Все едят суп и гезаловский салат. Я человек новый, посторонний, и я всех немного смущаю. Они такие чудесные, такие люди, как эти московские художники. Не от мира сего. У которых все, не как у людей. Которым не надо ничего из того, что надо всем нормальным людям. У которых какие-то свои, странные жизненные ценности. Увлеченные своим делом, за которое, в силу его малой престижности мало кто из нормальных людей возьмется. Поэтому они, видимо, устав от постоянного противостояния и нежелания мимикрировать под окружающий мир, выработали специфическую узнаваемую модель поведения: я видела такое часто. Они начинают специально подчеркивать свою чудаковатость, словно бы заранее предупреждая о своей инаковости. «Ну, вы же меня знаете!», «Ну, это ж я!», «Ну, что еще от меня хотеть!» А также они чересчур усиливают свою инфантильность. Говорят такими сладкими голосочками и вытягивают губы. И смеются – слишком громко и долго, над шутками, которые не настолько уж и смешны, словно бы этим своим смехом хотят еще больше увеличить дистанцию и усилить свою непохожесть, свою принадлежность к своей маленькой касте, шуток которой всяким непосвященным не понять и не оценить.

Они мне очень нравятся, но мне хотелось бы, чтобы они были чуть более взрослыми. Не были так очевидно ежеминутно готовы к очередной порции осуждения за то, как неправильно они живут. Чтобы были более уверены в том, что имеют полное право на свой образ жизни.

Я начинаю поторапливать Гезалова: мне нужно домой. Я планировала посидеть с ним в кафе, и не рассчитывала, что вместо этого мы объедем пол-Карелии.

— Не спеши, куда ты спешишь? Все куда-то спешат, не понимая, что абсолютно все успеют. На встречу с ним еще никто не опаздывал.

Мы едем в гезаловскую деревню, он показывает мне тамошнюю, построенную им, деревянную часовню с красивыми витражами.  На стене висит бланк заявления с прошением разрешить ему строительство этой часовни – «по многочисленным просьбам местных жителей»

— Знаешь, сколько человек ко мне обратилось с просьбой о строительстве часовни? Ни-од-но-го! Никому вообще ничего не надо.

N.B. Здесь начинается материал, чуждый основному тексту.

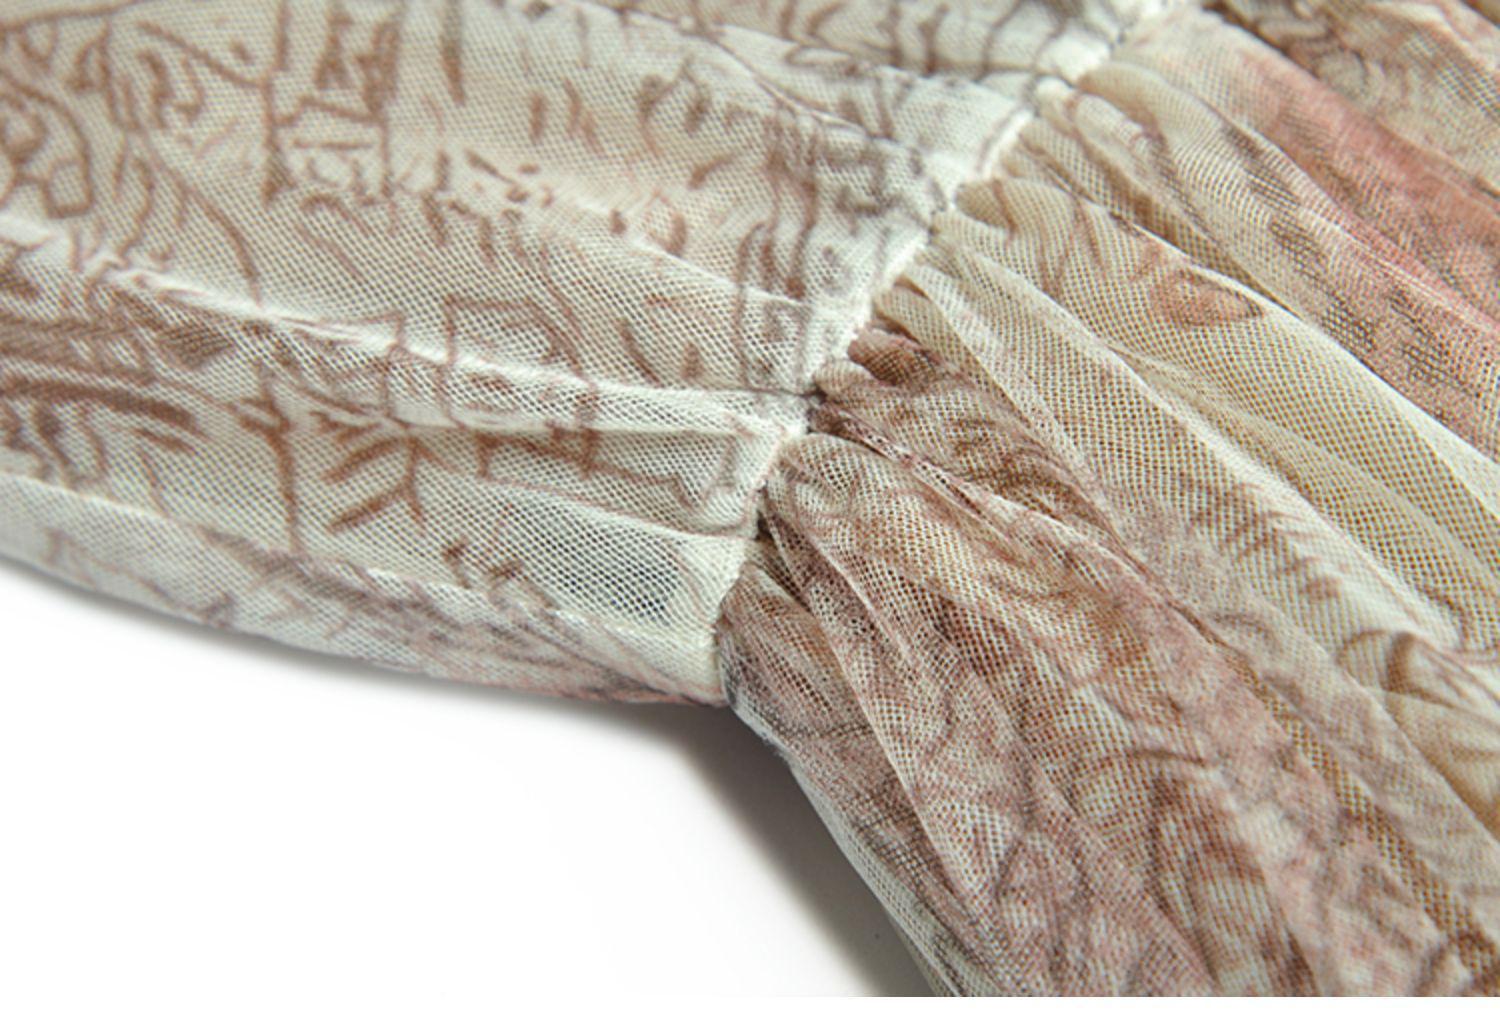 Elegant long sleeve lace up Midi Dress - EA257

Чуть позже Гезалов совсем по-детски хвастает своим домом.

— Тут печка, тут стиральная машина, тут детская, а тут мы с женой детей делаем.

Ведет показывать свой сад.

— Тут я посажу рябину, тут у меня смородина, тут яблони. Моя смородина, яблони мои, все мое! Когда я вселялся, соседи злорадствовали: а у вас яблоня уже сто лет как не плодоносит. И в первый же год, как я тут поселился, — посмотри что делается! — яблоками усыпана земля. Гезалов заставляет набрать мешок яблок с собой.

— Соседка приходила ко мне: покрести, говорит, и мою яблоню, чтоб у меня тоже такие урожаи были! Хорошо, говорю, иди, теперь будут у тебя урожаи! Нет, конечно, смеешься? – не крестил я никаких яблонь! Хотя яблоня соседки заплодоносила этим летом. Так-то. Меня в Москве потянуло на цветоводство. Поливаю, ковыряюсь в горшках… Мне кажется, это первый сигнал. Земляаа… (Гезалов издает смешной рыдательный звук) Картошку? Нет, картошку сажать не буду – зачем? Это же тяжело…

Мы возвращаемся в город в машине, пахнущей яблоками. Девушка на заднем сиденье рассказывает Гезалову об их общих знакомых. Что они переехали в новую квартиру. Что у них были большие трудности с получением кредита. В какой-то момент Гезалов протягивает руку к магнитоле и делает музыку погромче.

— Ой, прости, прости! Я совсем забыл, что ты же мне что-то рассказываешь!

Я вижу, что девушка не обиделась: видимо, привыкла уже к гезаловским импровизациям. Кроме того, очевидно, что Гезалов сделал это не из хамства. Просто я тоже забыла, что девушка еще не закончила: смысл ее монолога я поняла уже на тридцатой секунде, следующие три минуты устной речи были явно лишними. Наверное, я тоже предпочла бы драку. Чем такое сонное неспешное скрупулезное перечисление всего, что вызывает твою неудовлетворенность жизнью.

— Вечером бойлер буду вешать. Я сейчас понял, что понял, как это сделать.

Прощаясь, он сказал, что еще пробудет в Карелии какое-то время, и что можно будет еще разок пересечься. Вечером следующего дня я прочла в статусе на его странице Вконтакте: «Восемьсот километров, я в Москве, готов встречаться»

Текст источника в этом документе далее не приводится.